Week 8 : Wanaka and Queenstown
January 17, 2012
Wanaka is a fantastic little town that sits on the shore
of a lake by the same name. Sitting in a
valley surrounded by mountains on all sides Wanaka is small but has a fun, laid
back atmosphere. After checking into the
YHA hostel and I made my obligatory trip to the grocery store. The cost of food in New Zealand is becoming
detrimental to my budget, more so than lodging or even beer for that
matter. Nearly every other day I arrive
at a new town and have to make a trip to the supermarket, only to leave with
enough food for the next two days and $40 missing from my wallet. I am not eating steak or drinking French
champagne and still my bill never shrinks.
It is a wonder the local residents can afford to feed themselves and
their families. Vegetables for example
are anywhere from double to triple the price that I would pay in the USA. And you’d think their cheese was filled with
gold by the prices they ask. What’s even
more strange is they make their own cheese and grow their vegetables so there
shouldn’t be an exorbitant import tax. Despite
having something like 12 billion sheep on these islands the cost for New
Zealand lamb is cheaper in England than here in New Zealand. Someone is getting very rich over here. I’d like to have a share of that pie, or any
pie for that matter.
Today I met up with a German friend I had made back in
Fox Glacier, Sebastian, and we embarked on a hike up to Rob Roy’s Ridge. The mountain that contains the peak has a
wide open face without any bush to block your view while you climb. And climb you do. Starting down at an elevation of about 300m
at the Lake you take endless switchbacks until you finally summit at around
1500m. The view was absolutely fantastic. From this height you could see the full
stretch of Lake Wanaka, the now speck of town of Wanaka, as well as a superb
view of the other surrounding mountains ranges.

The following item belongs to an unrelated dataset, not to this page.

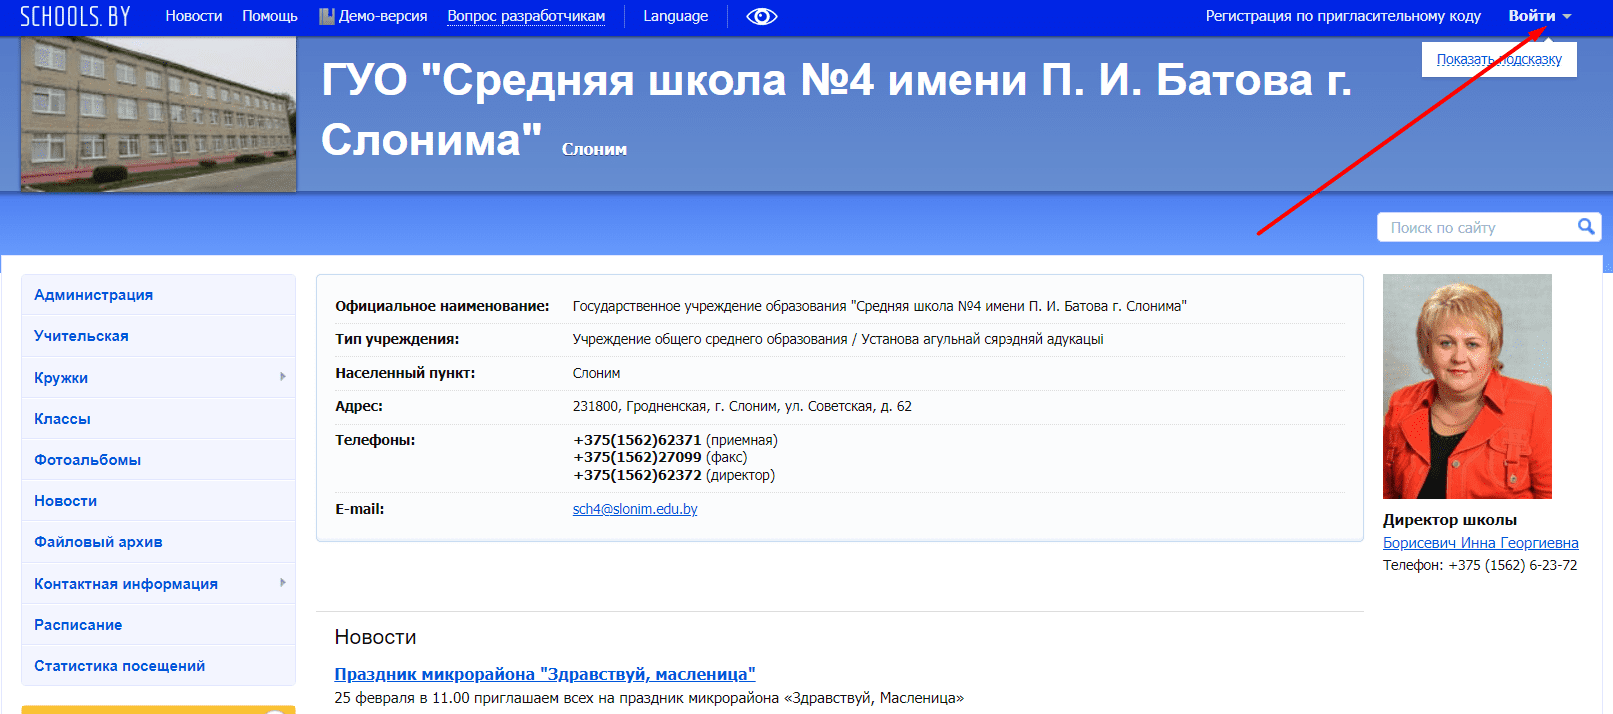 Средняя школа №4 имени П. И. Батова (4slonim.schools.by)

It was a grueling couple of hours to reach the top but worth every
minute.
January 19, 2012
So I left the serenity of Wanaka today, vowing to make it
back here, if not this trip than on the next one. I don’t normally book my hostel ahead of time
unless a) I’m absolutely sure I will arrive in that town that day and b) I’m
concerned it will be full up at the other hostels. Some spots are more prone to this dilemma
than others, and Queenstown being the adventure mecca that it is I made a
reservation for the Absoloot Value Accommodation hostel. Upon hearing that I would be hitching my way
down from Wanaka (only a 2 hour drive) the man in the reception told me to make
a sign reading “Queenstown – will swap beer for ride.” I gave his idea some serious thought but
decided I’d probably drink the offer before getting a lift, and besides, it
would be a short trip so I could afford to stand around for a while. It was a beautiful sunny day again and in
about 30 minutes I was riding shotgun with Daryl. Daryl was a triathlete and was in town for an
upcoming Ironman event. He was unique for
a triathlete; he was quite large (100 kg) and confessed he didn’t really train
much nor pay heed to his diet. Unlike
other competitors he thrived when competing in events not long after the
previous and seemed to break the conventional norm for triathletes. Admittedly he wasn’t going to win the
completion but just being an Ironman triathlete to begin with was impressive
enough for me.
January 21, 2012
Now that it has come and gone I can say that my time in
Queenstown was quite enjoyable. Here I
engaged in multiple day walks to scenic points, took in some nightlife and
partook in some local culinary delights.
Queenstown is a small bustling town that is host to adventure junkies
around the world. It is here that the world’s
first bungee jump was created and is also home to New Zealand’s highest jump as
well. If it’s not summer thrills you are
pursuing then Queenstown can be your winter wonderland as well since there are
multiple ski slopes to enjoy, making it a popular destination all the year
round. I personally did not shell out
the cash for the adventure sports and instead struck out to climb up the
surrounding hills and see the town from a distance, away from the other loud
and clamoring tourists. Surrounded by
mountains, including the jagged Remarkables, the panoramas are surreal as the
sun begins to set. The town comes to
life at night as the young and old alike hit the streets, partying until 3 or 4
in the morning and then queuing at one of the burger joints open to serve the
masses. Reminiscent of Banff or
Whistler, Queenstown is definitely a place where you’d be hard pressed not to
have fun. I even abandoned my miserly
food habits one evening and broke down and went to the eponymous Fergburger, a
local burger joint renowned for their giant burgers and even bigger prices. I put all my chips in and ordered the biggest
one they offered, The Big Al. A mass of
beef and eggs and trimmings (including beetroot, which was actually delicious)
all stuffed between a bun the size of Frisbee.
Absolutely delicious; and for $17 it damn well should have been too.